# Nikon d3000 with 2 lenses or d5000 with 1?



## ddanser229 (Oct 28, 2009)

Im looking at buying my first dslr in about a month once i get the cash together. Im only 17, and a senior in high school. Im looking to do alot of very fast moving sports photography (specifically mountain biking, and some school sports for the school newspaper). I know both of these cameras are perfectly capable of this. Im definitley sticking with nikon as i just dont like the way canons feel in my hand. Im wondering if im better off getting the d3000 with the 18-55 and 55-200 vr lenses, or the d5000 with just the 18-55vr.
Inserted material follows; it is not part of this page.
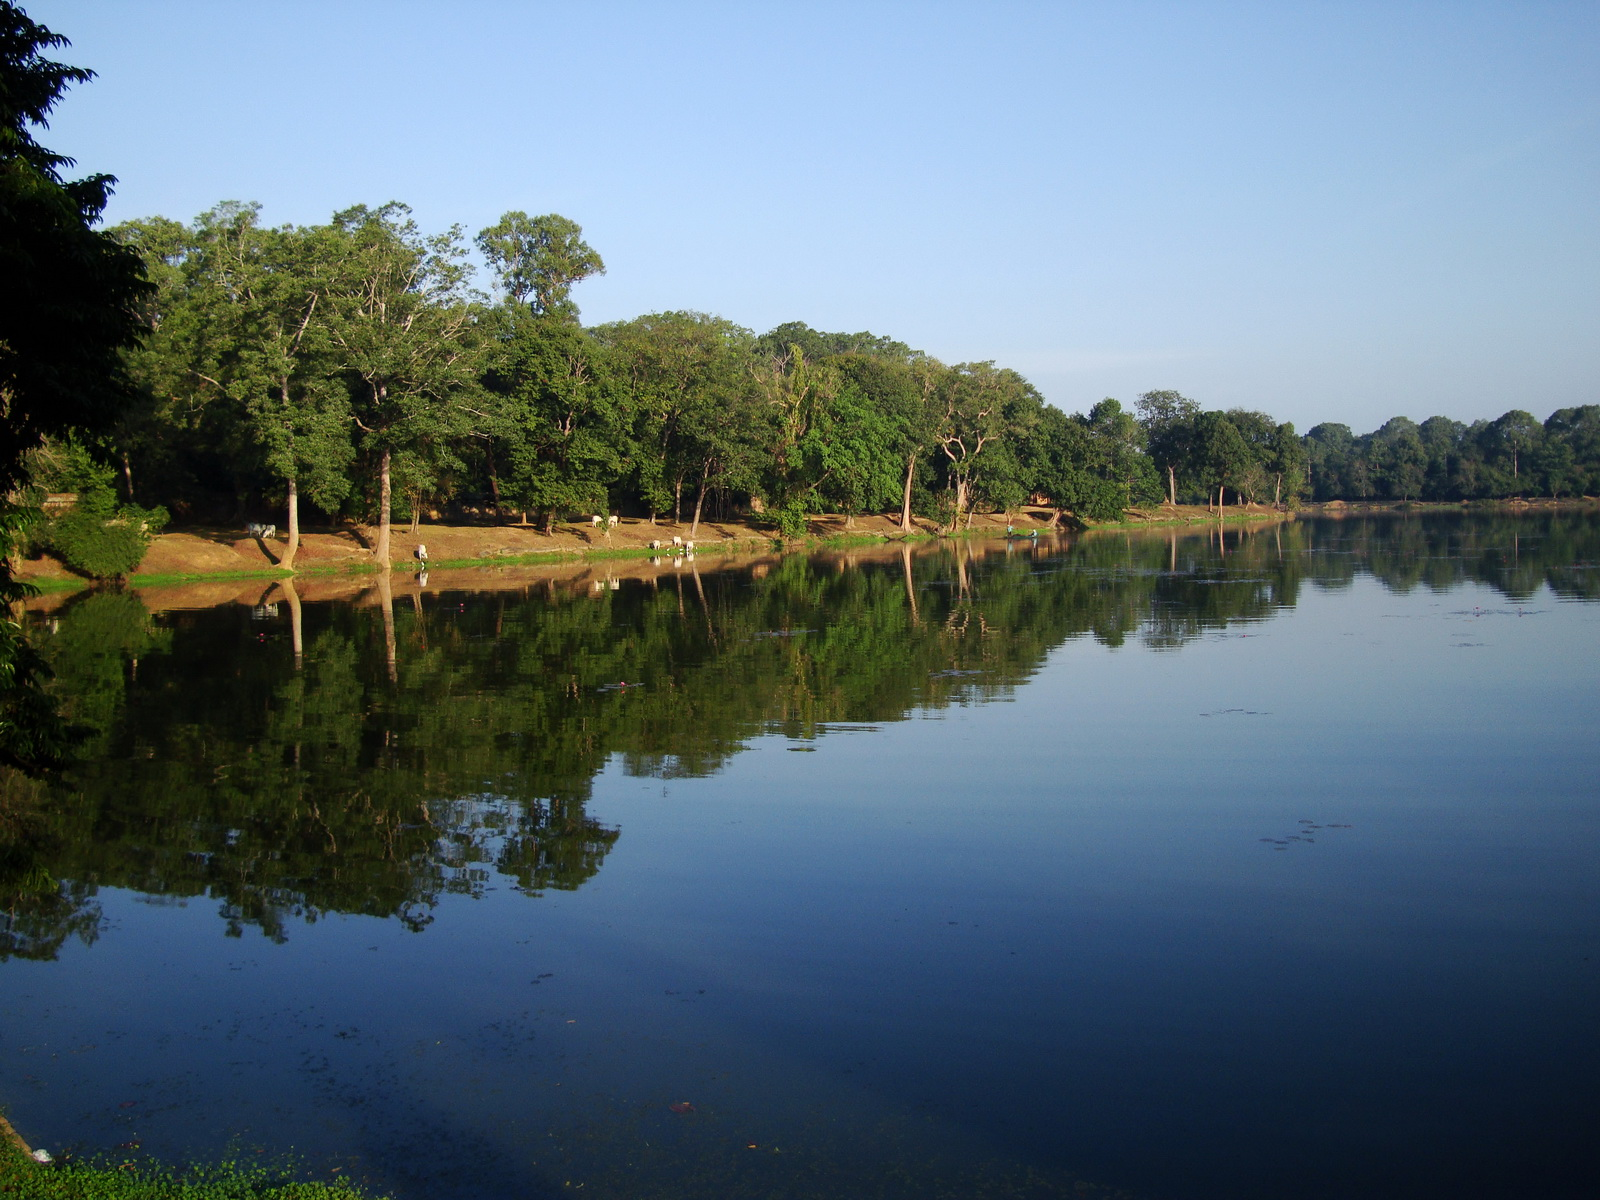 Angkor Wat approaches outer eastern Gopura moat Angkor Siem Reap 01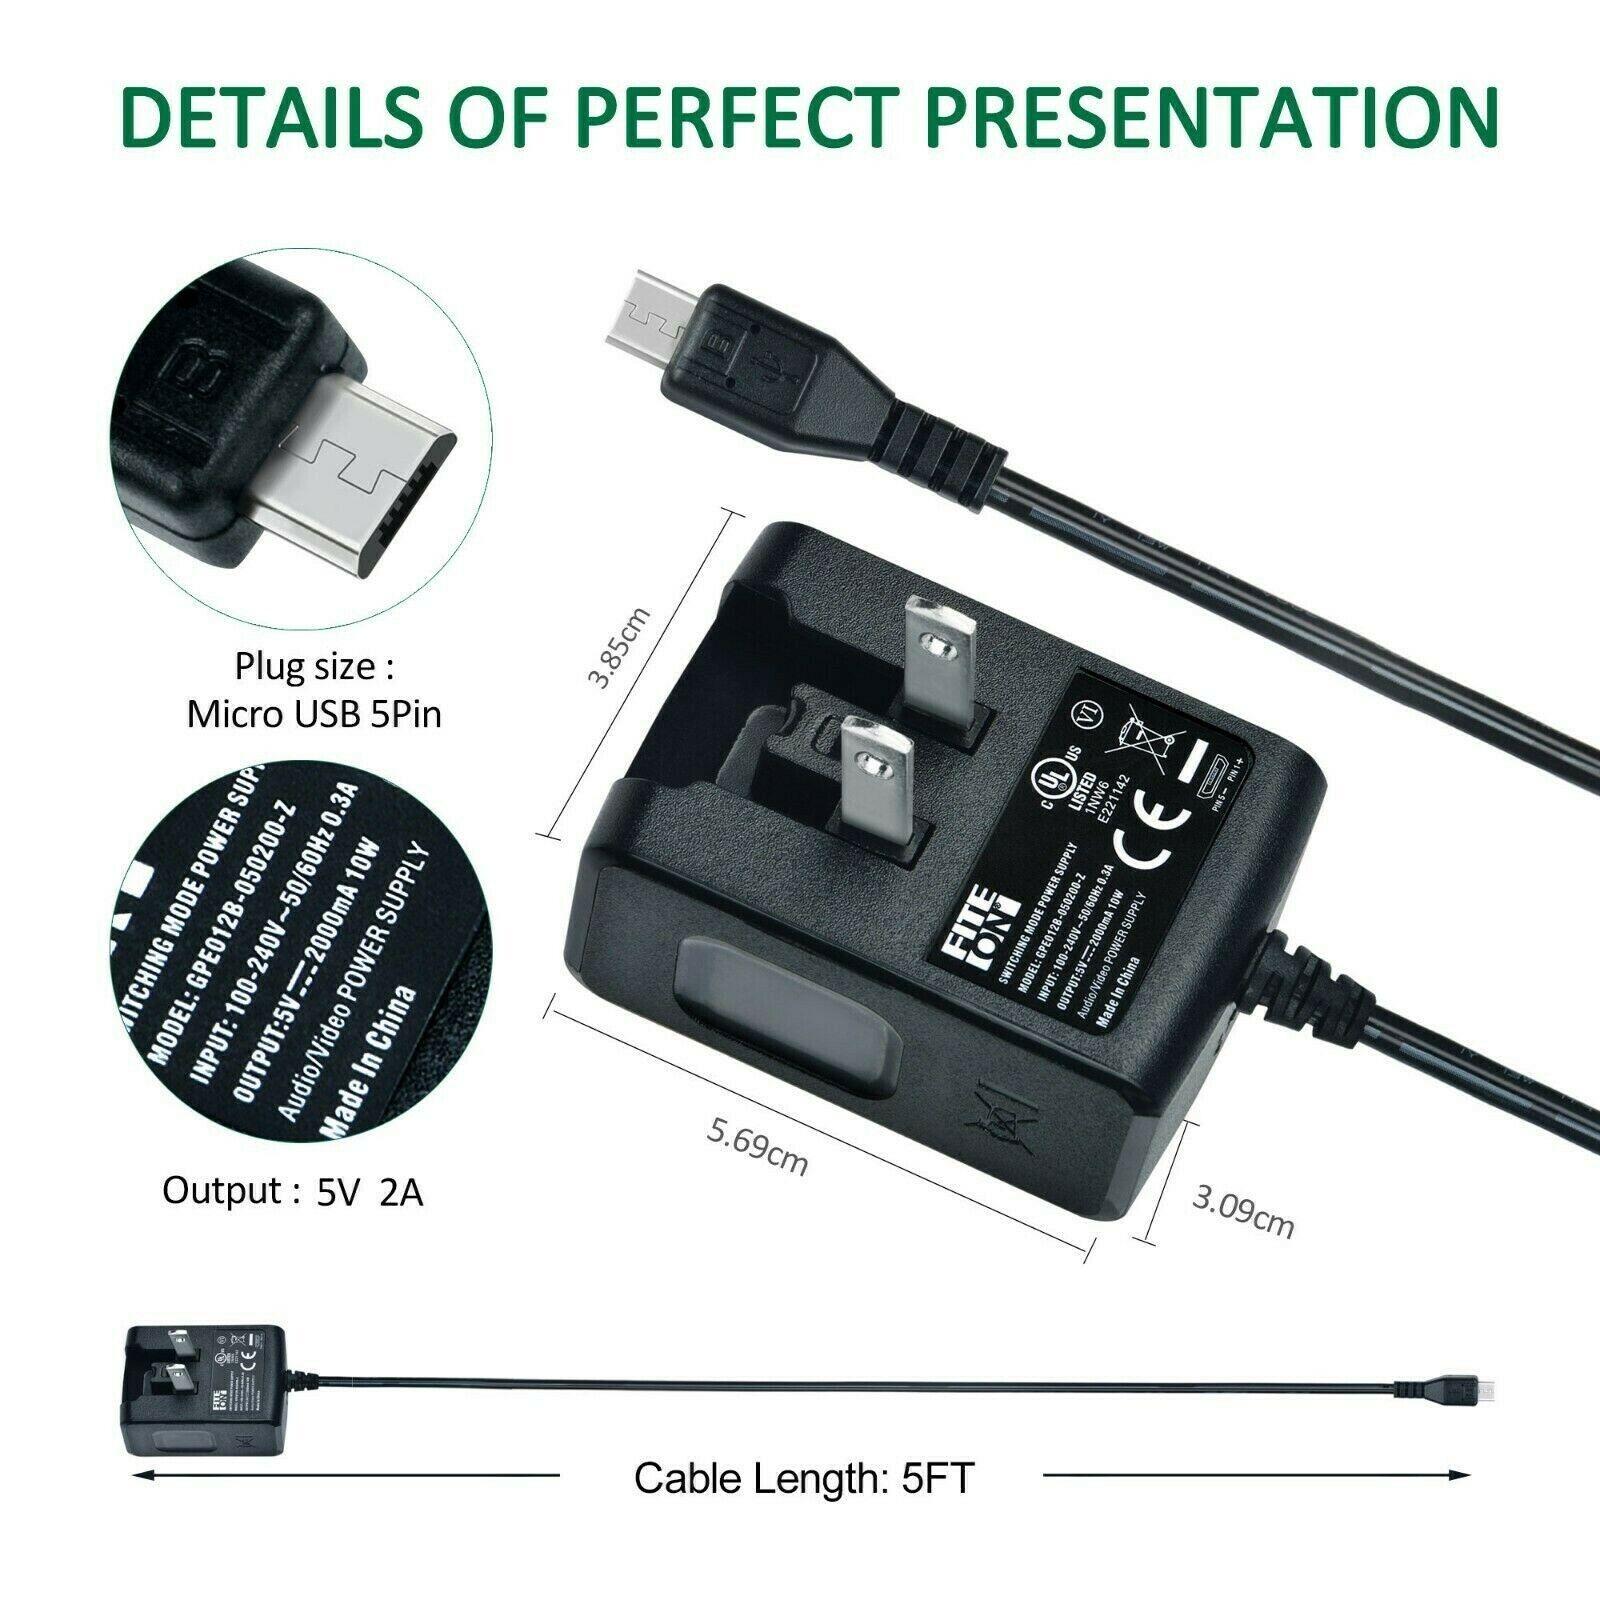 Data SYNC Cable Cord for Kurio 7s 96125 C13000 Kids Tablet POWE-Tech USB DC Power Charger

They come out close to the same price. Is it worth not getting a second lens to gain 2 more mp, hd video, the vari angle screen, and 4 fps instead of 3? Am i going to miss the second lens that much?


----------



## PhotoXopher (Oct 28, 2009)

D5000 with one lens, along with what you mentioned you also get a CMOS sensor which will give you incredible high ISO performance.


----------



## Sw1tchFX (Oct 28, 2009)

The D3000 isn't that great of a camera. It's slow with ADR on. Get the D5000.


----------



## ddanser229 (Oct 28, 2009)

Ok, thats what i was thinking. Im just worried about the durability of the screen on the d5000..i can see myself snapping it off on accident. The absolute most i want to spend is around $1000 but preferably less than that. So if I can get the d5000 body and 18-55 lens for $700 on amazon, what should I get with the leftover money besides a memory card, and a bag/case of some sort? How much do I really need to spend to get a good memory card?


----------



## Dominantly (Oct 29, 2009)

You can get a used D90 and lens for under $1000. that kit lens is 18-105 so it would give you additional reach....


----------



## PatrickHMS (Oct 29, 2009)

I also say go with a good used D90...


----------